=== GIVEN INFORMATION ===

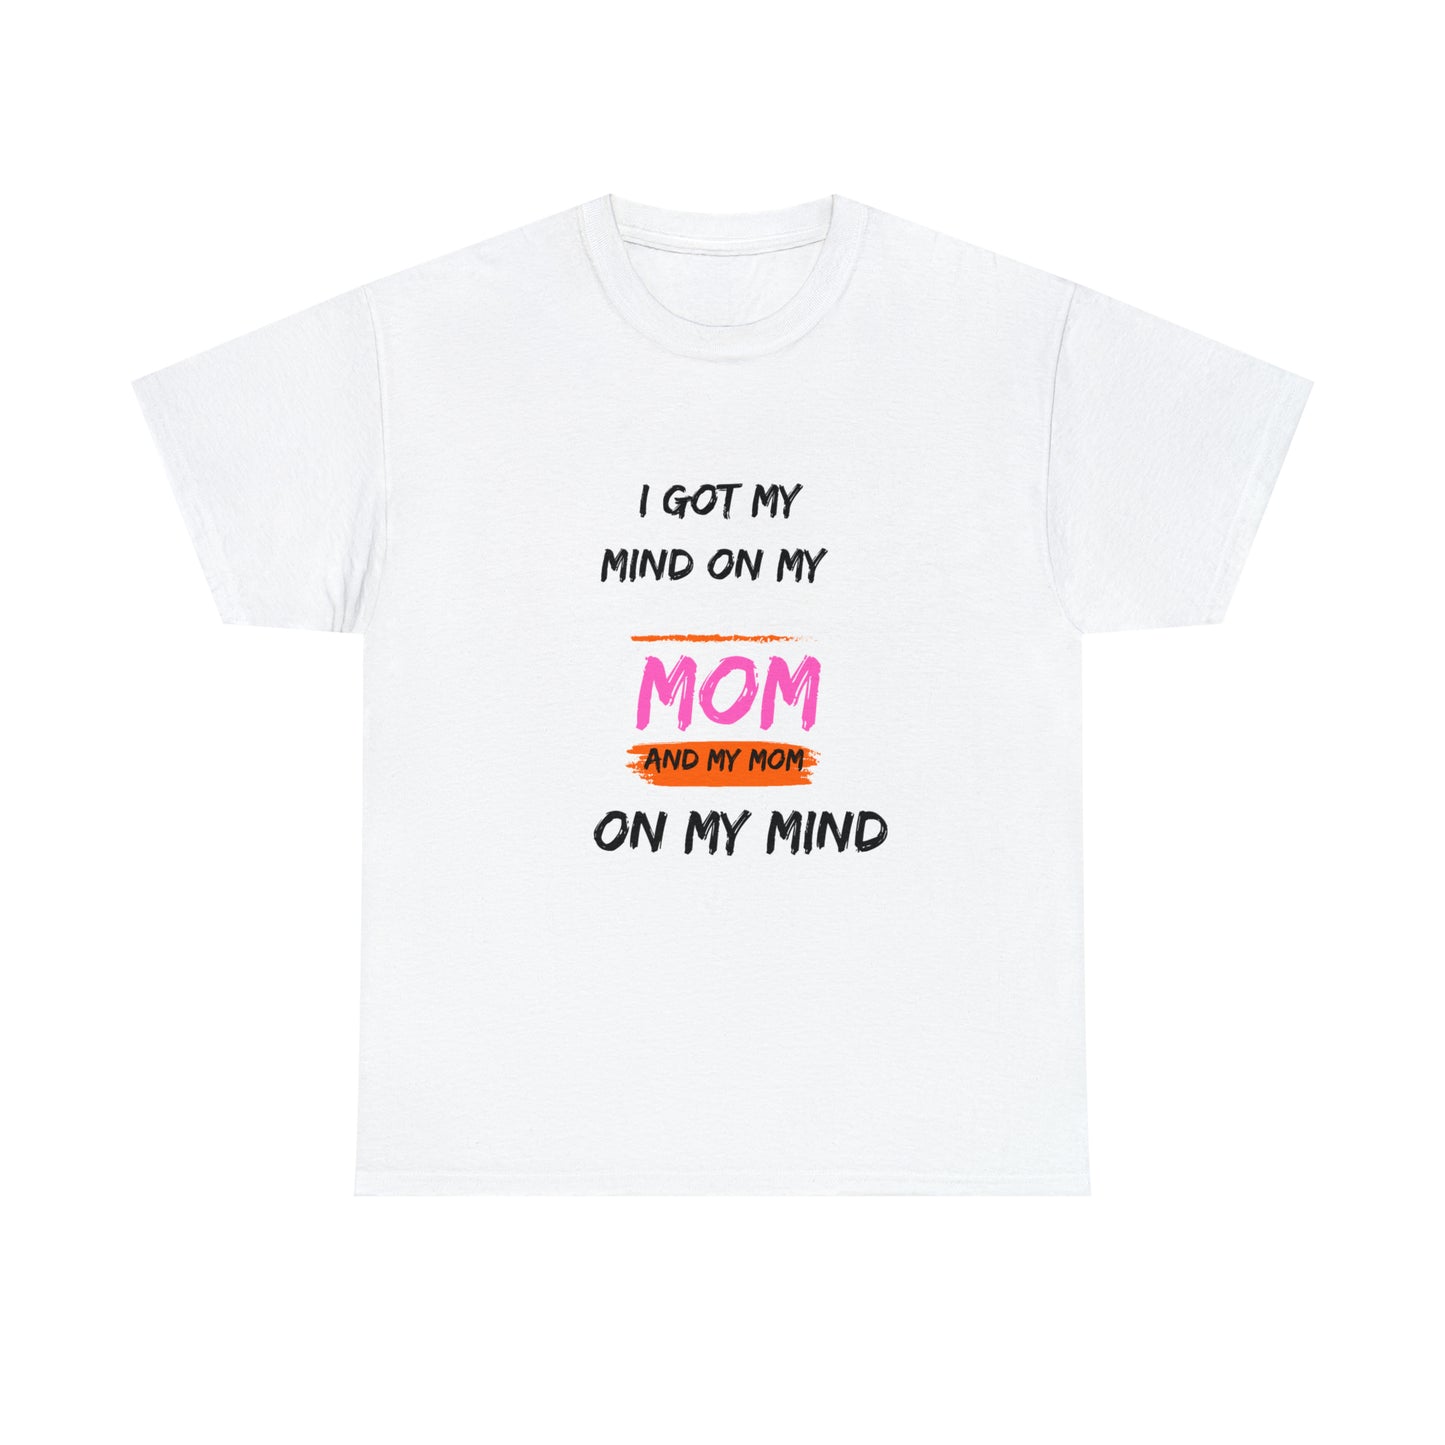 Mom on my mind tshirt Unisex Heavy Cotton Tee Mom day tshirt White customized tshirt for mom
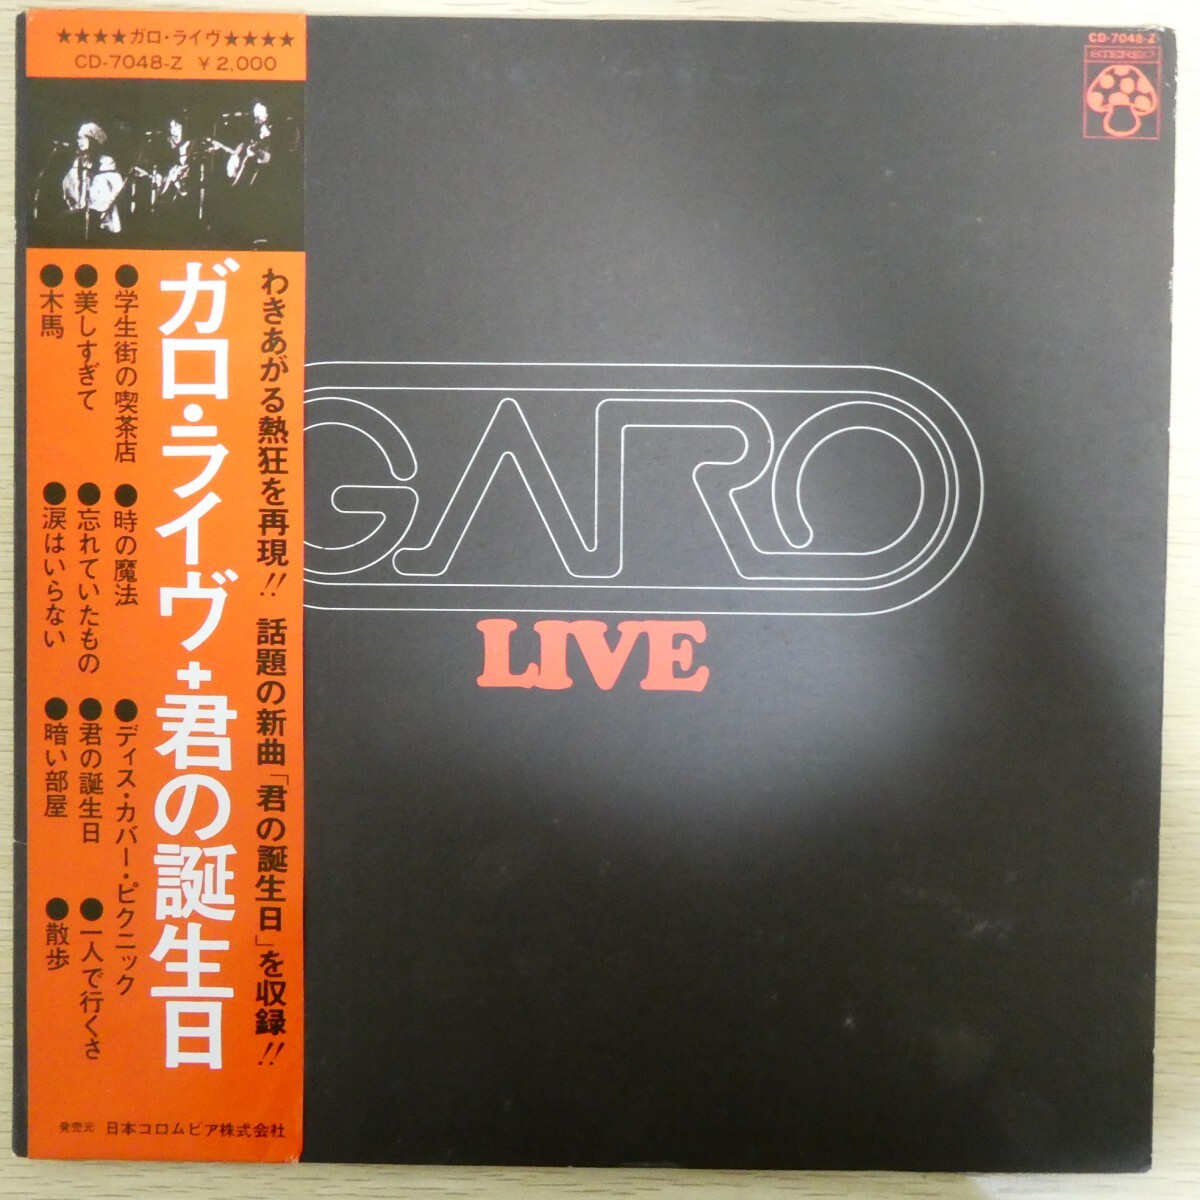 LP5021☆帯付/2枚組「ガロ / ライヴ / 君の誕生日 / CD-7048-Z」_画像1
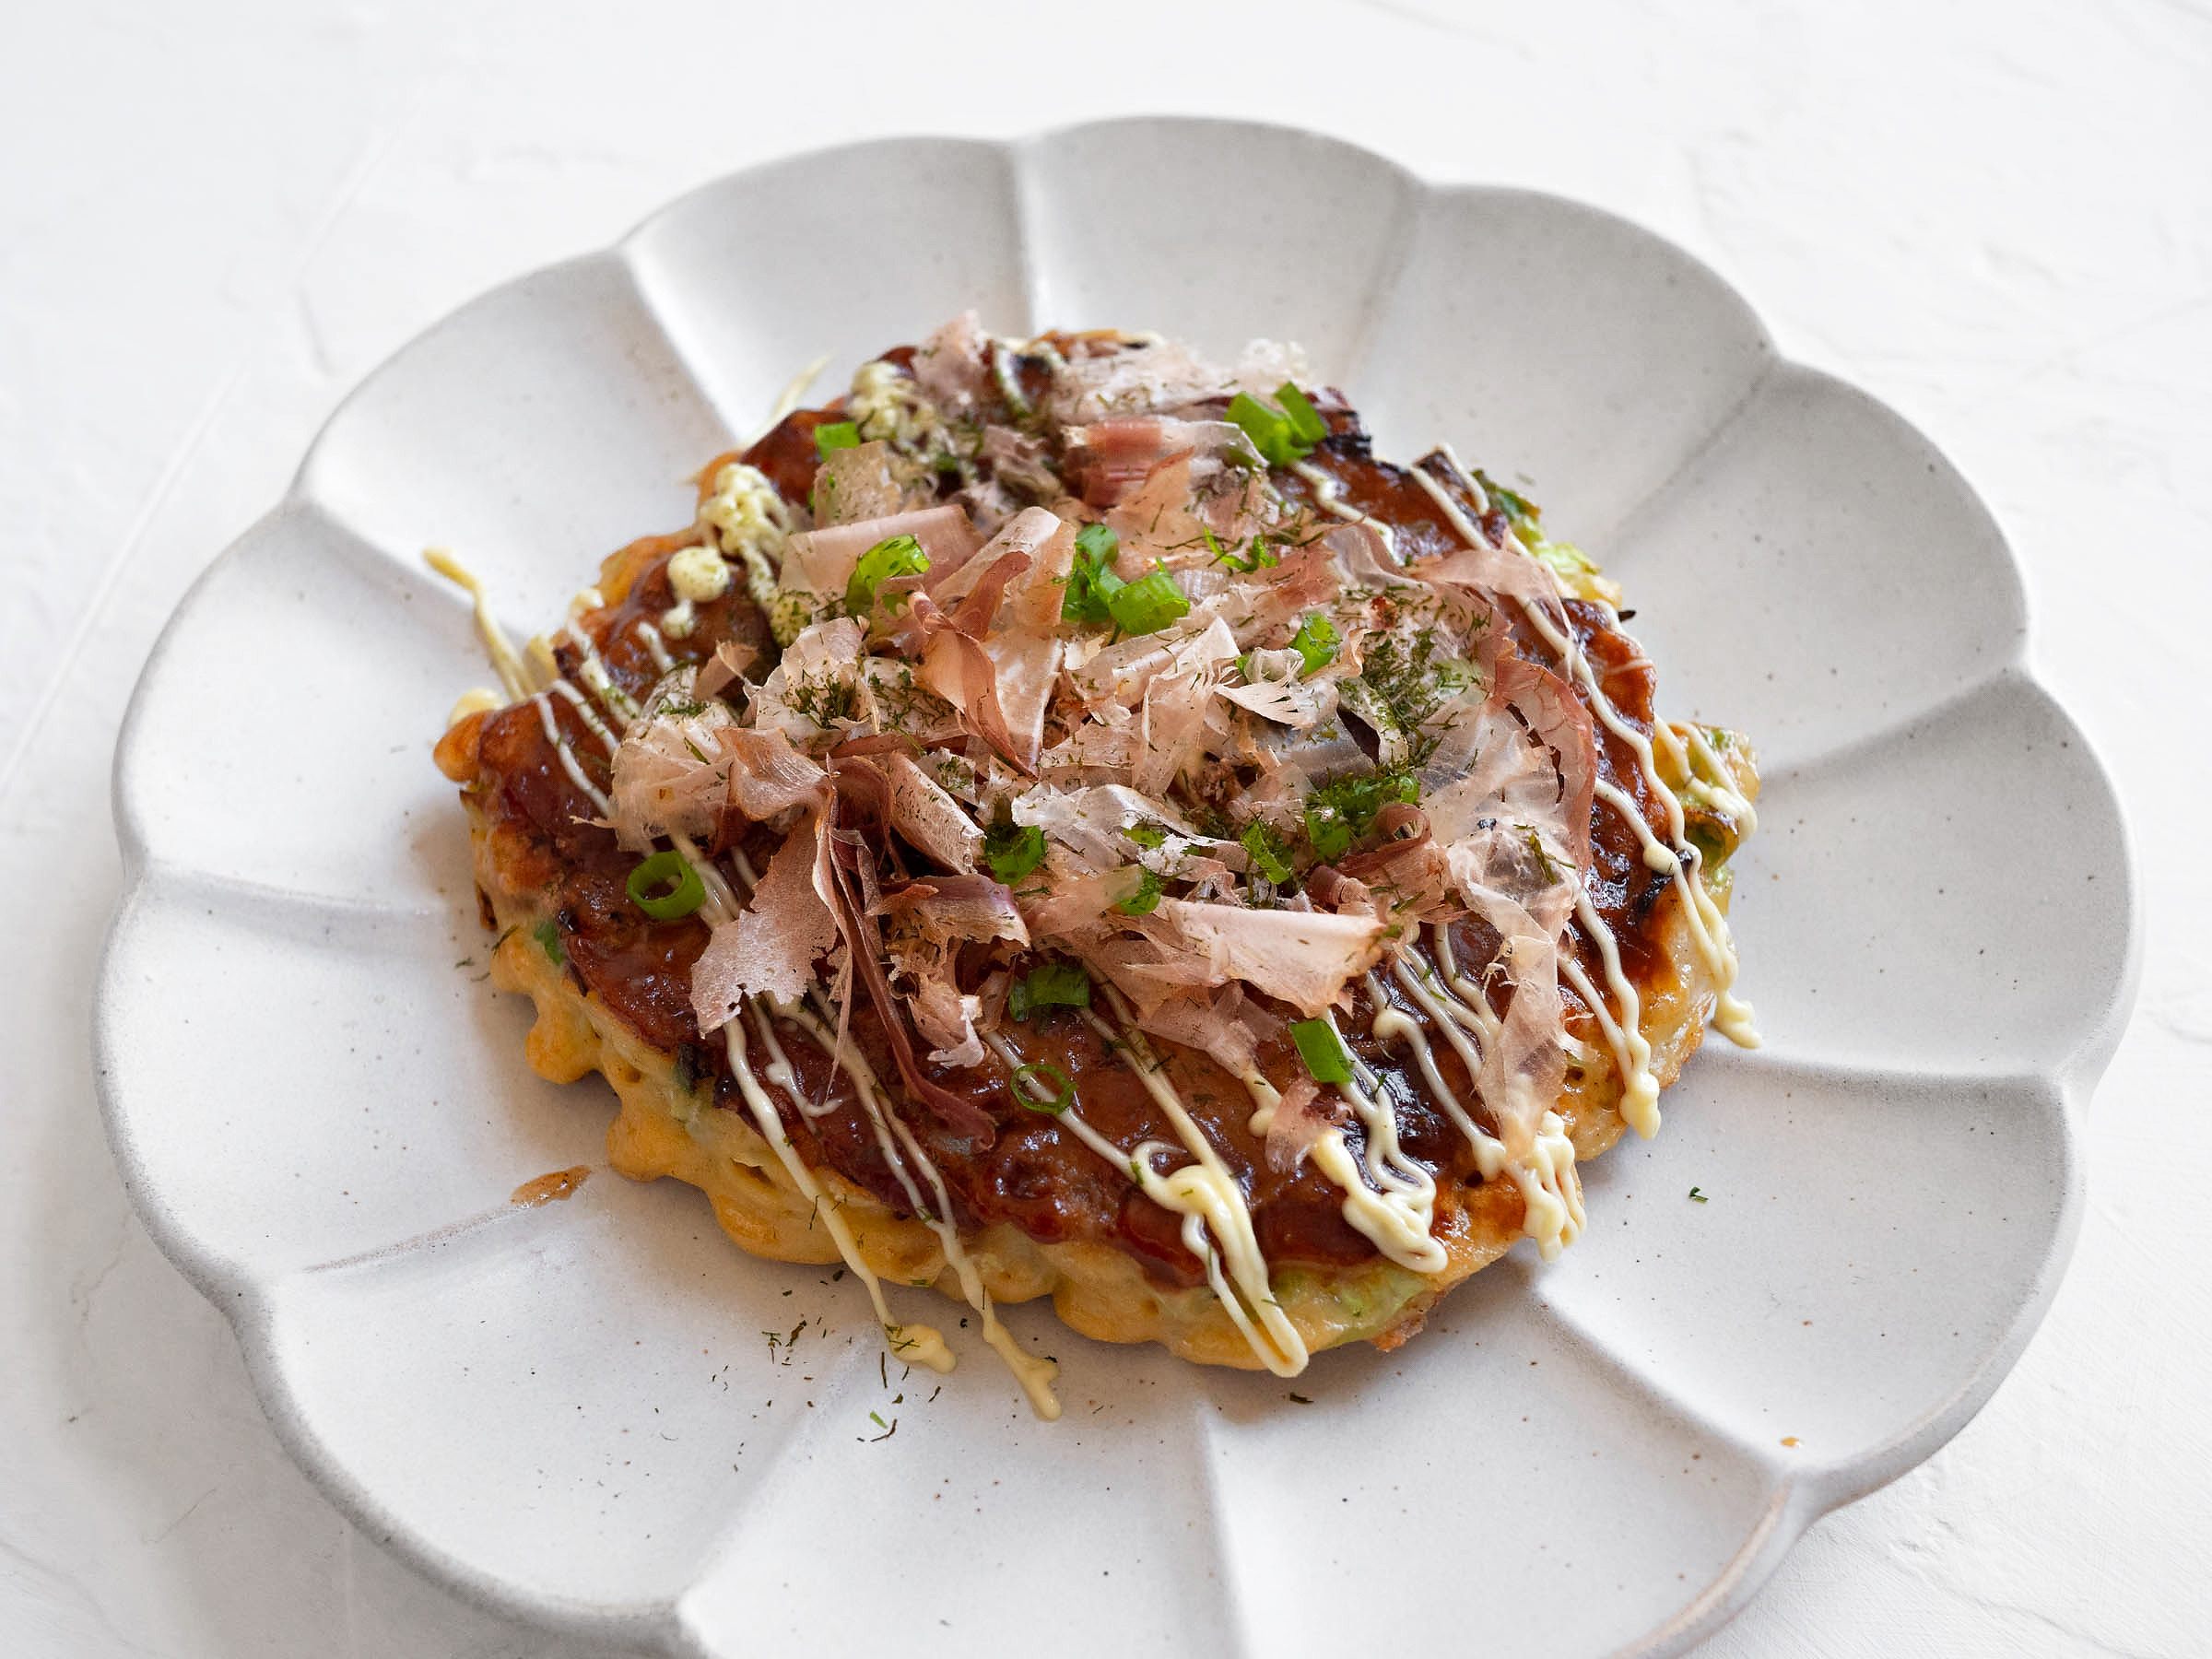 https://sylviawakana.com/wp-content/uploads/2021/11/Okonomiyaki-2.jpg

===

For this exercise, restate the material exactly and skip every picture.

 Mom on my mind tshirt Unisex Heavy Cotton Tee Mom day tshirt White customized tshirt for mom
 LP5021☆帯付/2枚組「ガロ / ライヴ / 君の誕生日 / CD-7048-Z」_画像1
 https://sylviawakana.com/wp-content/uploads/2021/11/Okonomiyaki-2.jpg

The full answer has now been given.